The sit-ins accomplished three intangible, yet significant things for black .and
white Southerners. As the first concerted
attempt at direct action, the sit-ins made
the black man visible. Prior to the demonstrations, blacks were' largely figments of
white conceptions. By breaking from his
"place," the black broke the perception.
And "the day he stopped being a good old
Negro," a writer in Ebony declared ih
1961, "was the day he became a man."
But there was something in it for the
white man as well. The crumbling of segregation presaged the end of the sin of race
pride, a notion that obscured the humanity
and reality of both black and white. If, as
Paul Tillich has argued, "sin is separation,"
then the sit-ins were truly redemptive.
Finally, the sit-ins did not destroy the
South, so much as uplift the region. The
demonstrators appealed to the region's
sense of place — this was their land and
their roots, too, and they would suffer and
perhaps die to redeem their homeland
much as whites had done a century earlier.

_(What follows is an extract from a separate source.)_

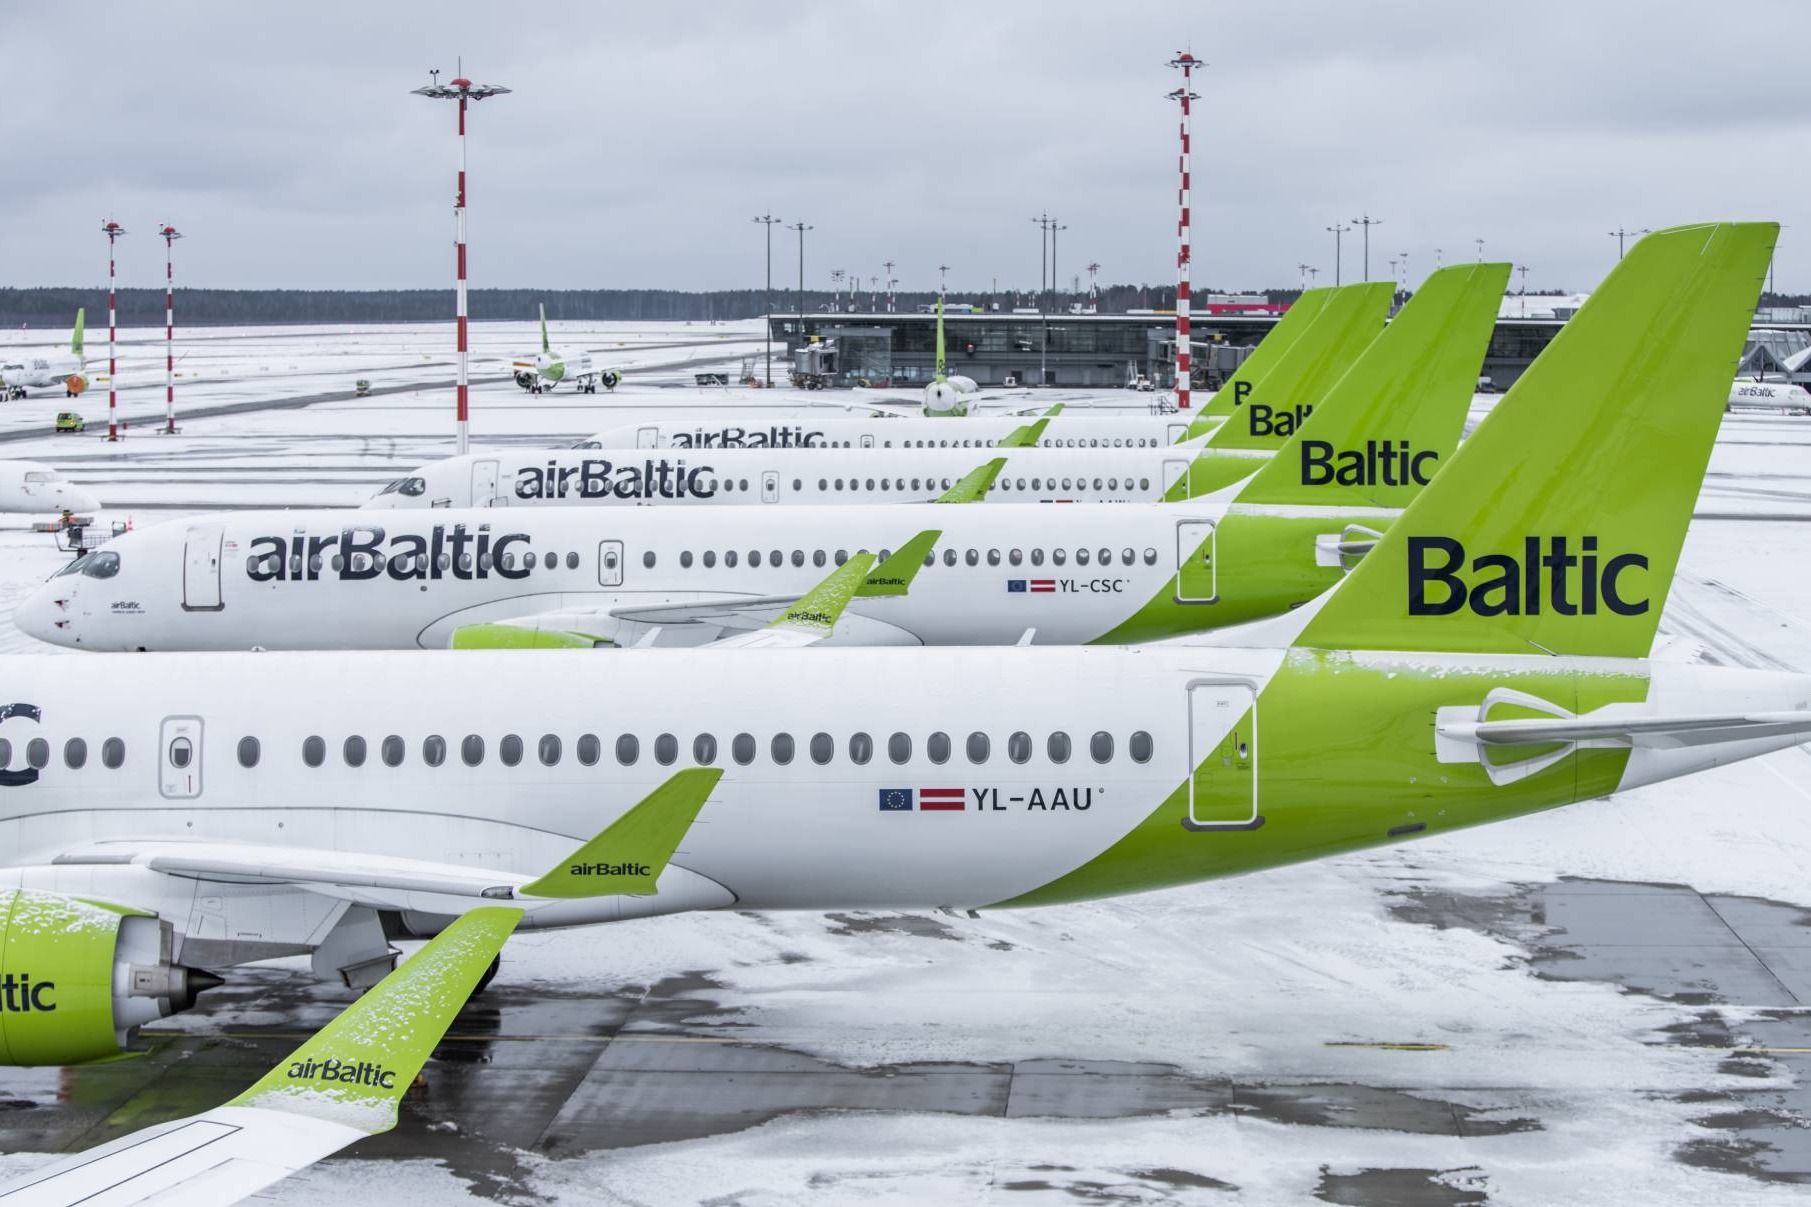 Several airBaltic aircraft parked side by side.

The sit-ins were grounded in the regional
religious faith: the importance of love, the
possibilities of redemption and the promise
of justice. And the demonstrations reflected regional history, for blacks in the South
bore a similar relation to their region as
the region bore to the nation: oppressed,
second-class, ridiculed, poor and defeated.
It was a distinctly Southern story, and its
happy conclusion still rests upon Southerners, all of us.